Problem: Using the data that follows, give again word for word the lines between the one holding "Casting Shadow (DE" and the one holding "белый автомобиль Eibach", inclusive. Omit the pictures.

Records for processing:

......

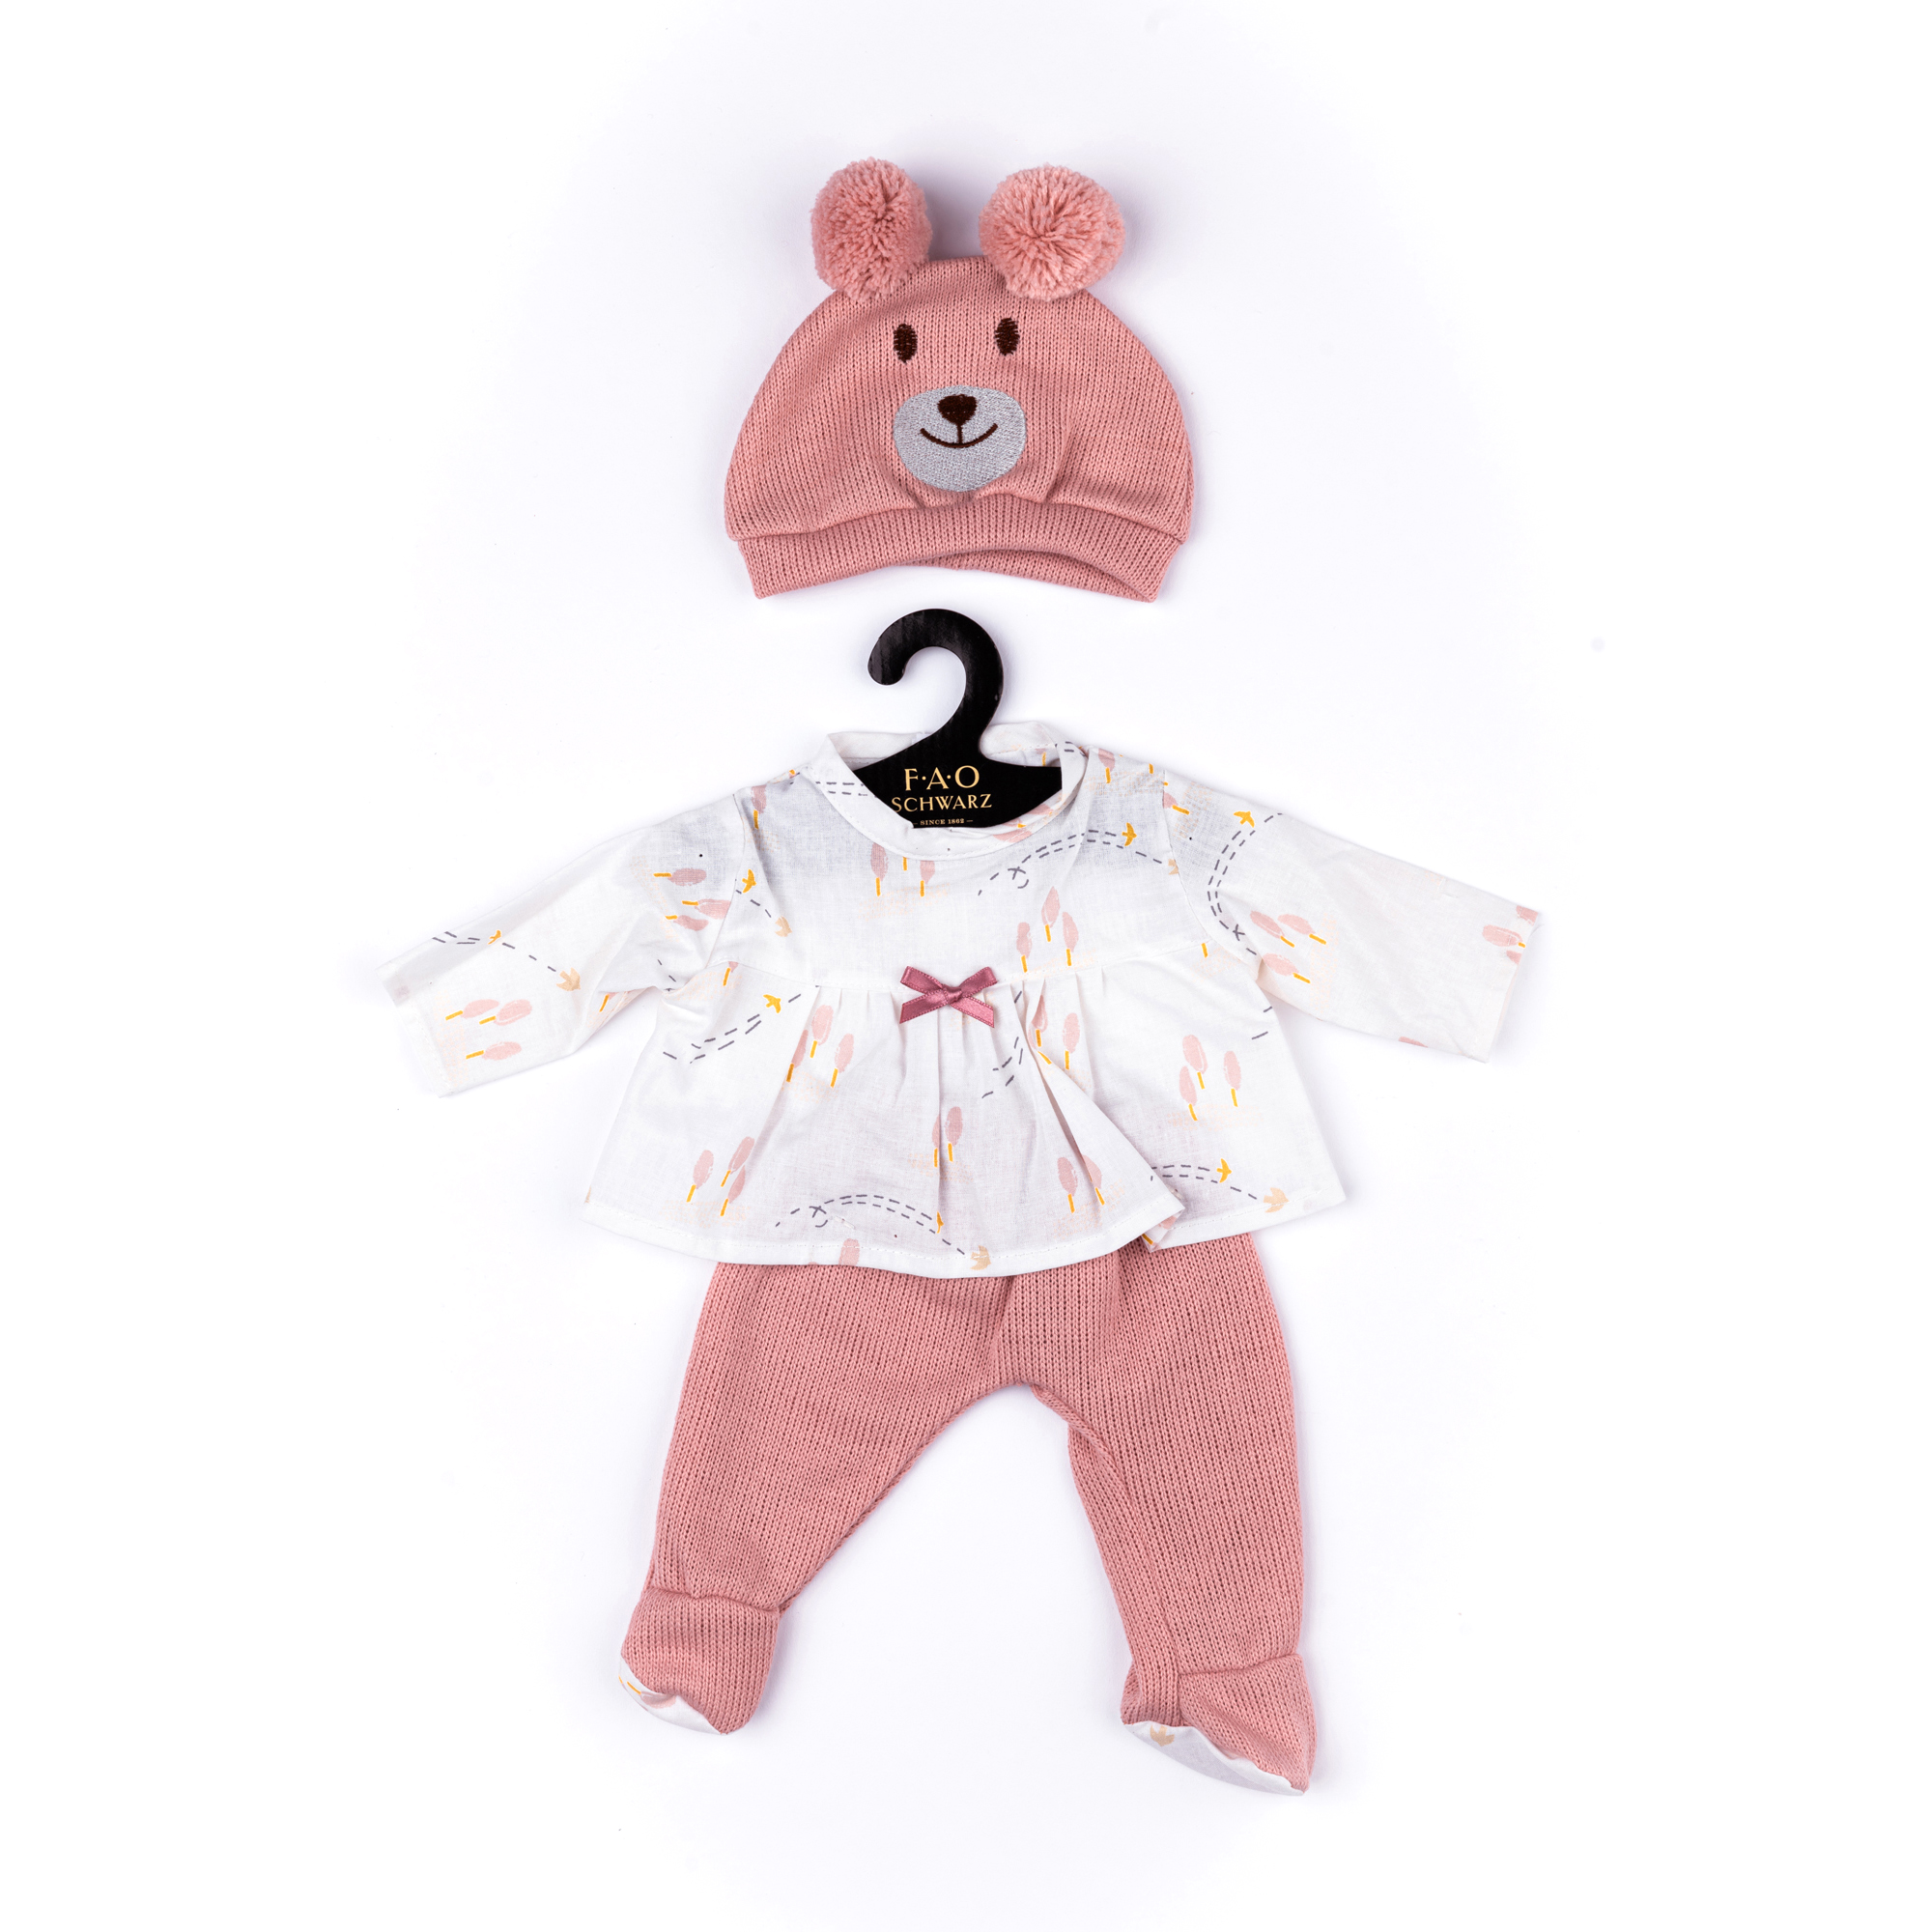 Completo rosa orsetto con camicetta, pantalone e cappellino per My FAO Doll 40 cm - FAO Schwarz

......

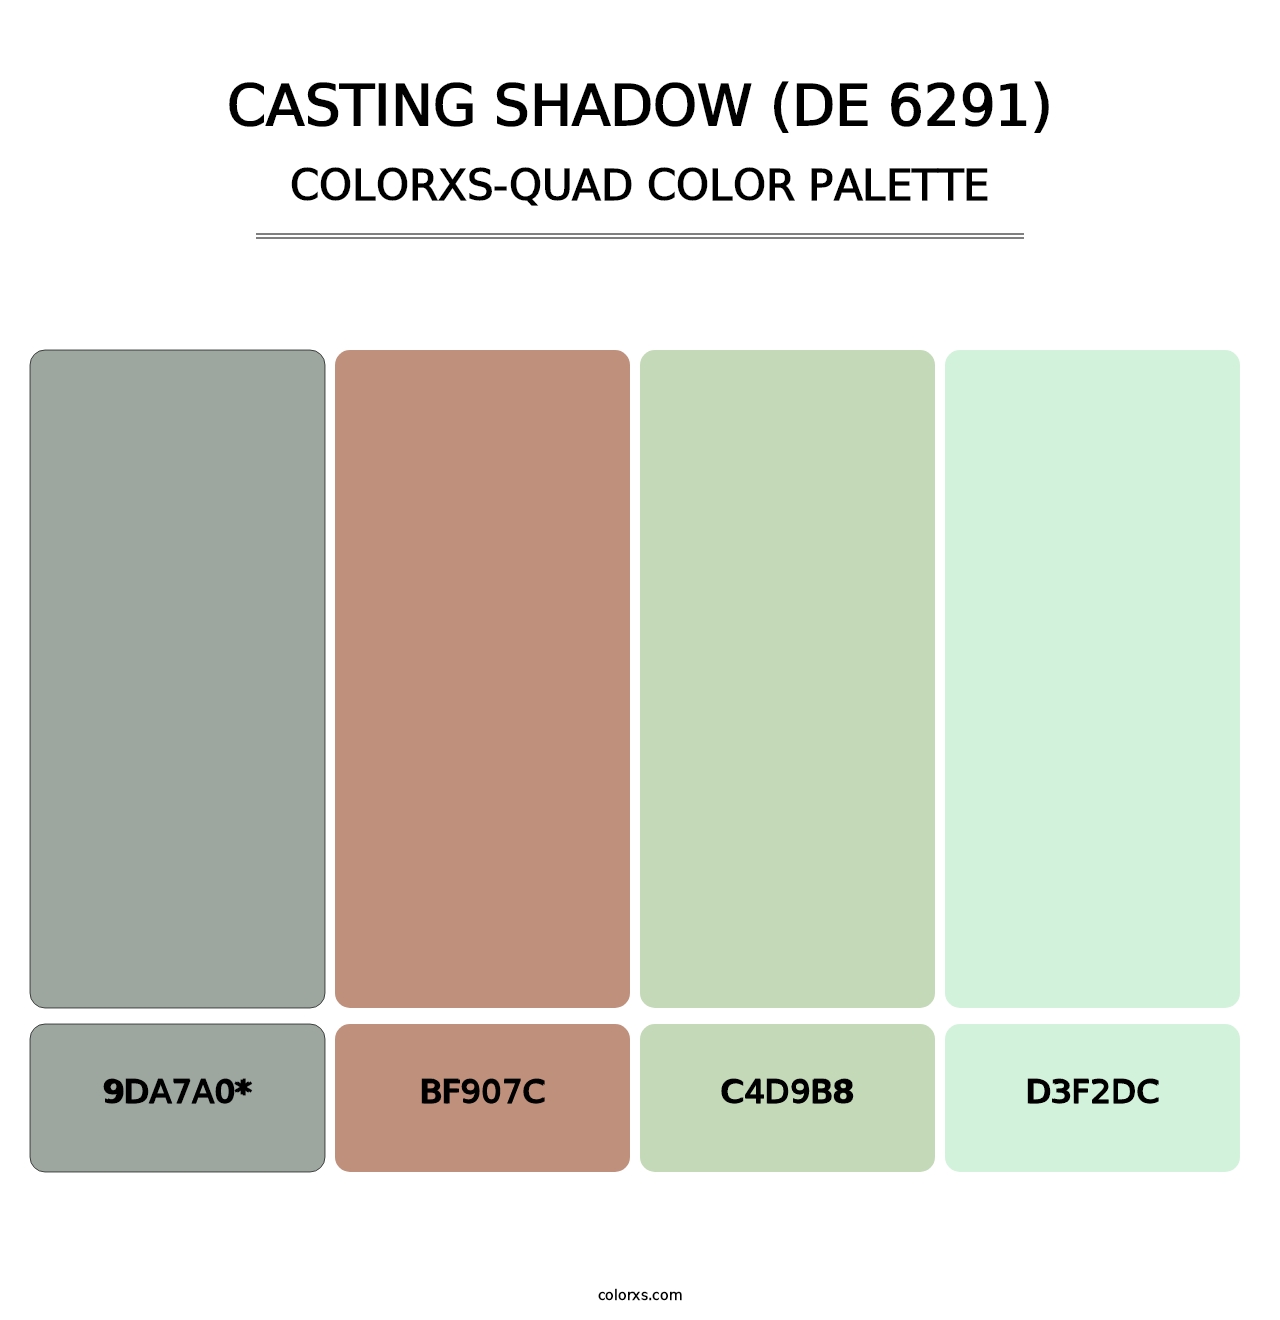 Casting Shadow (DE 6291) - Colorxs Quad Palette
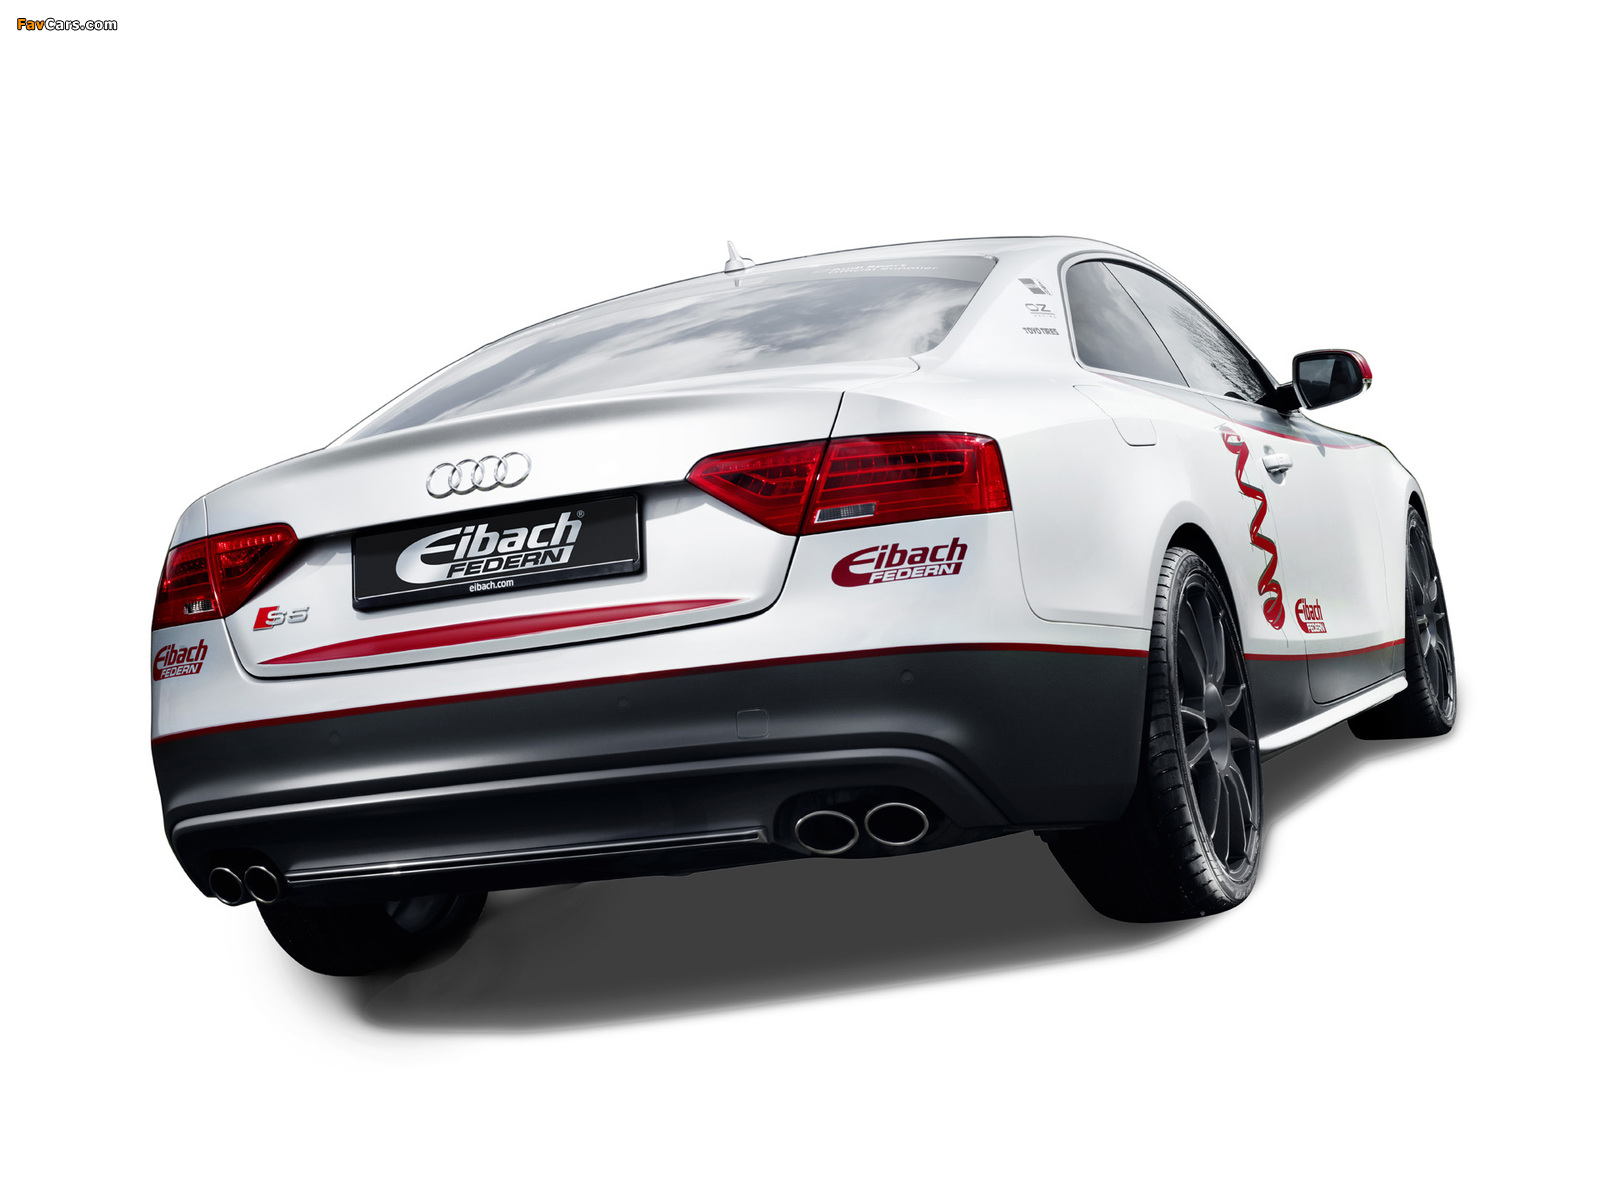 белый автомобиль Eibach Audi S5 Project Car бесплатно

......

Output of the task:
 Casting Shadow (DE 6291) - Colorxs Quad Palette
 белый автомобиль Eibach Audi S5 Project Car бесплатно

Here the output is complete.